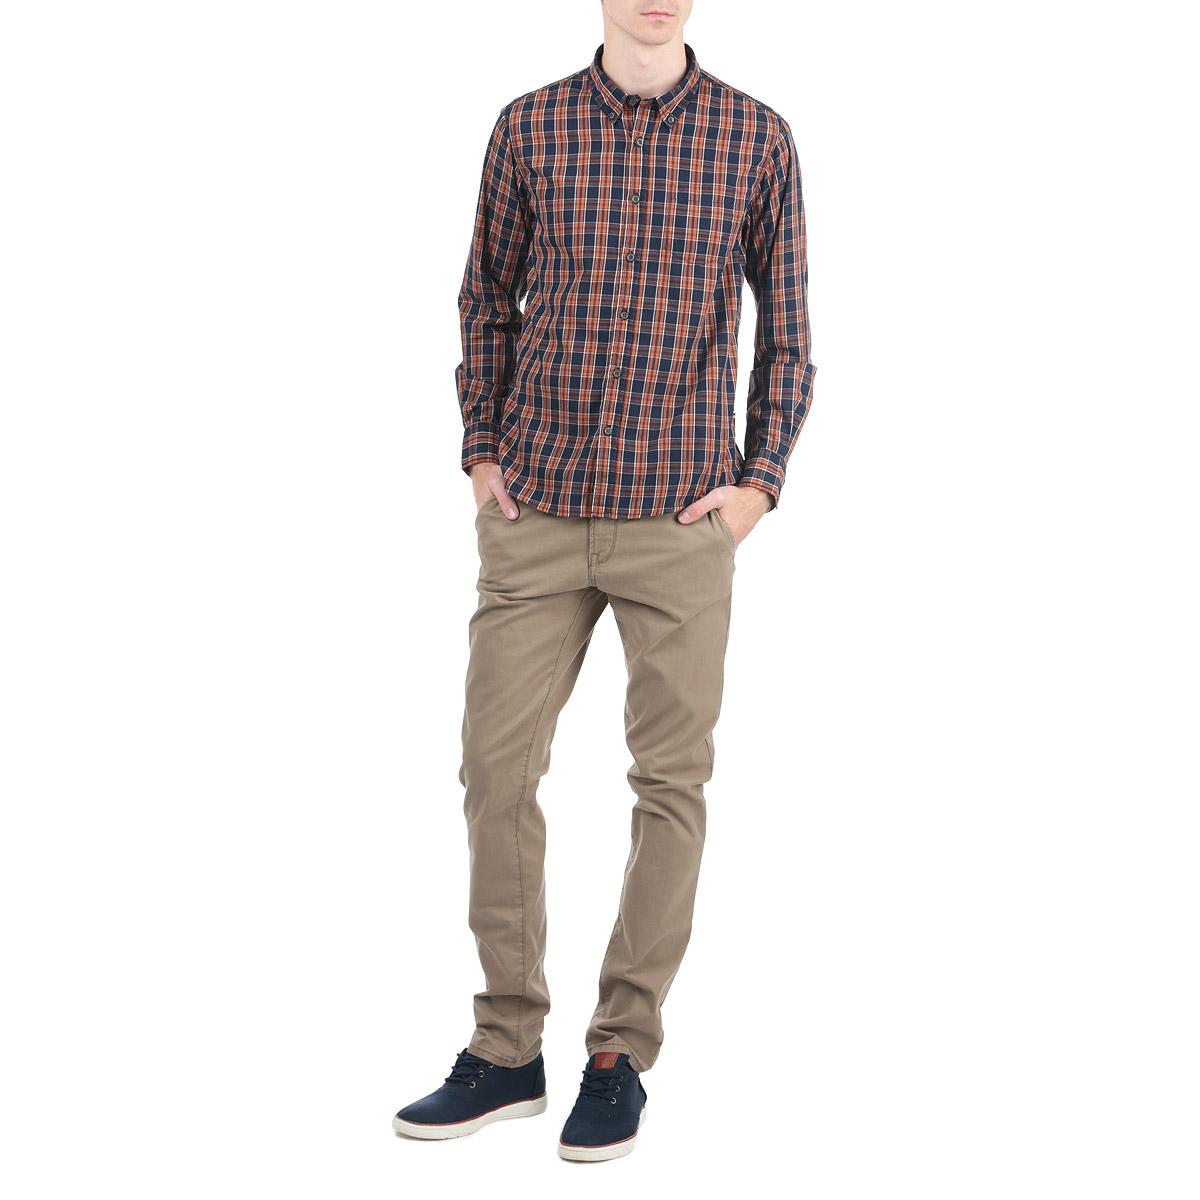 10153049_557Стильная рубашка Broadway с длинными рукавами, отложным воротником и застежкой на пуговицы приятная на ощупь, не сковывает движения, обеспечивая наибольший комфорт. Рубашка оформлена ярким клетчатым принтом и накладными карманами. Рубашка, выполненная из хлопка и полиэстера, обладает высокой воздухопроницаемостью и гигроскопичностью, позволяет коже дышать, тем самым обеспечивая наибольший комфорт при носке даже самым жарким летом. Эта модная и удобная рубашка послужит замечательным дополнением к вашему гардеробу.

==

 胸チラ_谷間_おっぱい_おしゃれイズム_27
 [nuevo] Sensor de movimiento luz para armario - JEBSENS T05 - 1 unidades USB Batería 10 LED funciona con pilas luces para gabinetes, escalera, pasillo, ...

**INSTRUCTIONS FOR THE TASK**
Starting with the line that holds "胸チラ_谷間_おっぱい_おしゃれイズム_27" and ending with the line that holds "[nuevo] Sensor de", retype every line in the data above exactly, and nothing else.

**EXERCISE RESPONSE**
 胸チラ_谷間_おっぱい_おしゃれイズム_27
 [nuevo] Sensor de movimiento luz para armario - JEBSENS T05 - 1 unidades USB Batería 10 LED funciona con pilas luces para gabinetes, escalera, pasillo, ...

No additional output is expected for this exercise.